• **Exercise requirements**: Below are entries; output exactly the lines from the one with "Warning sign of" to the one with "It's A Barb", both included, and nothing else.

• **Material provided**:
_ _ _

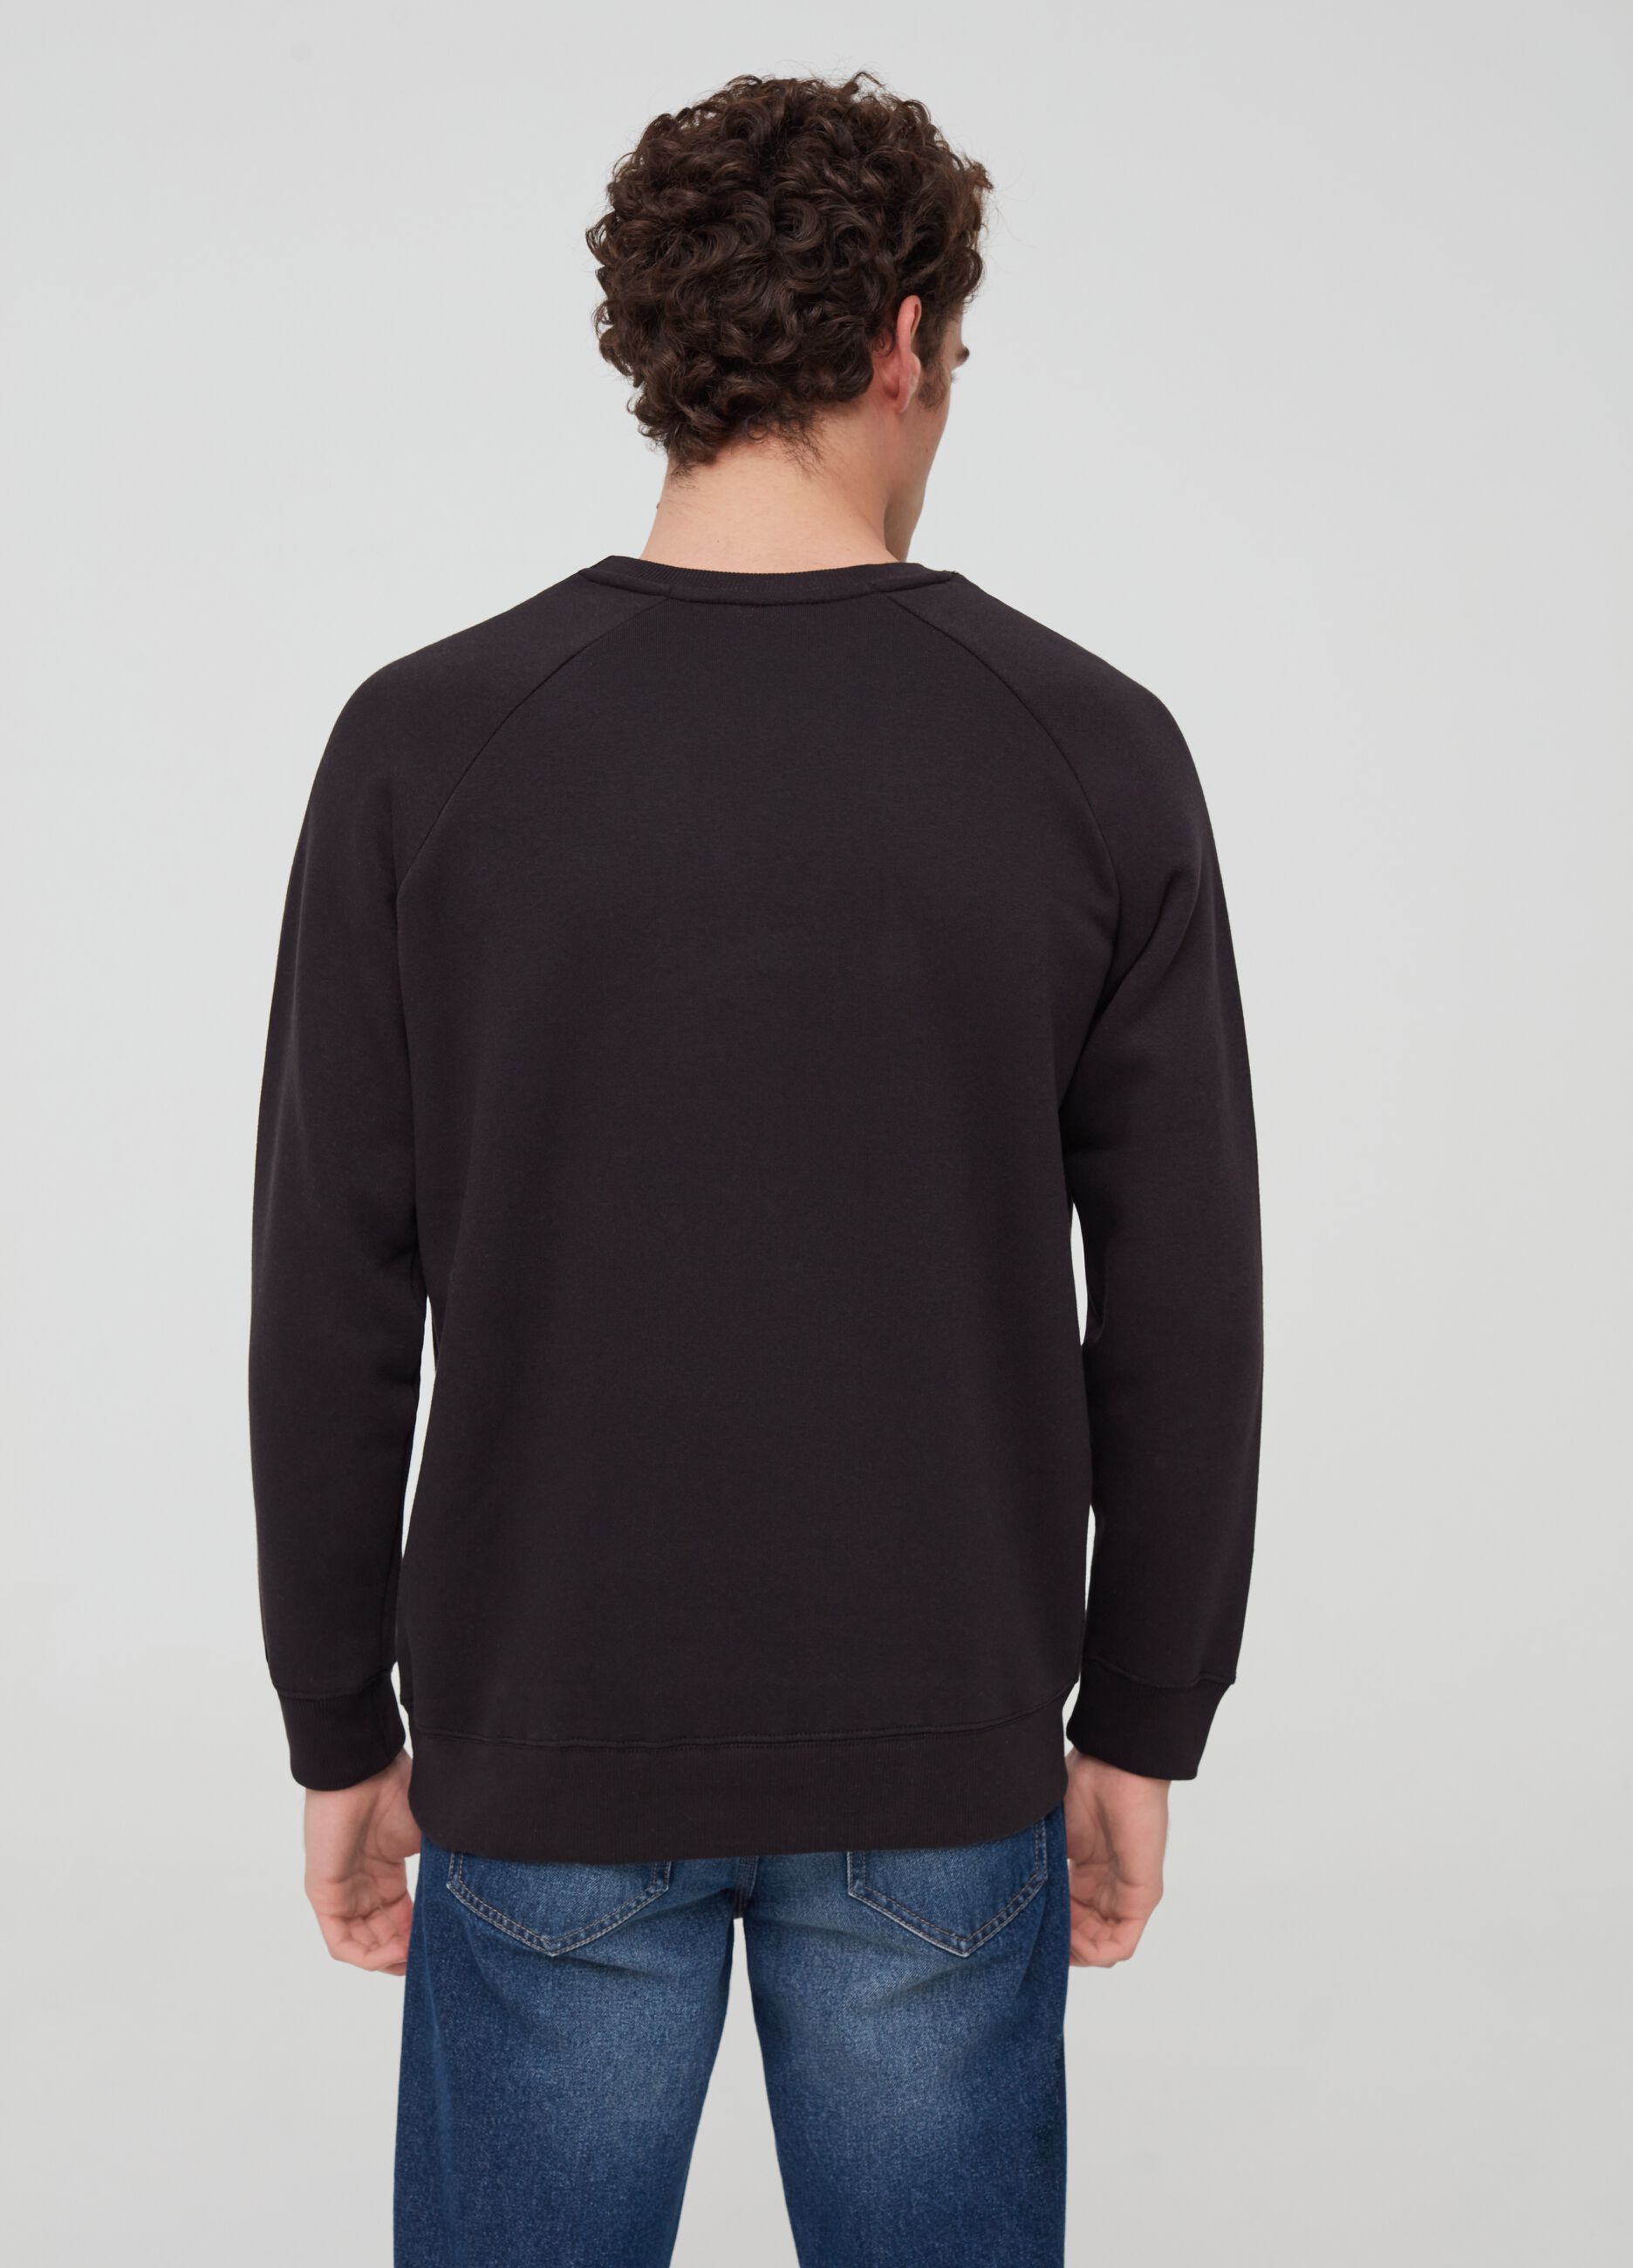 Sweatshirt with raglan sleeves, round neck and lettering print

_ _ _

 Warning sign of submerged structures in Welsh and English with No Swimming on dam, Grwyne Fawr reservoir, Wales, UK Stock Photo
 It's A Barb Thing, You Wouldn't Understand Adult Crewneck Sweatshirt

_ _ _

• **Written response**:
 Warning sign of submerged structures in Welsh and English with No Swimming on dam, Grwyne Fawr reservoir, Wales, UK Stock Photo
 It's A Barb Thing, You Wouldn't Understand Adult Crewneck Sweatshirt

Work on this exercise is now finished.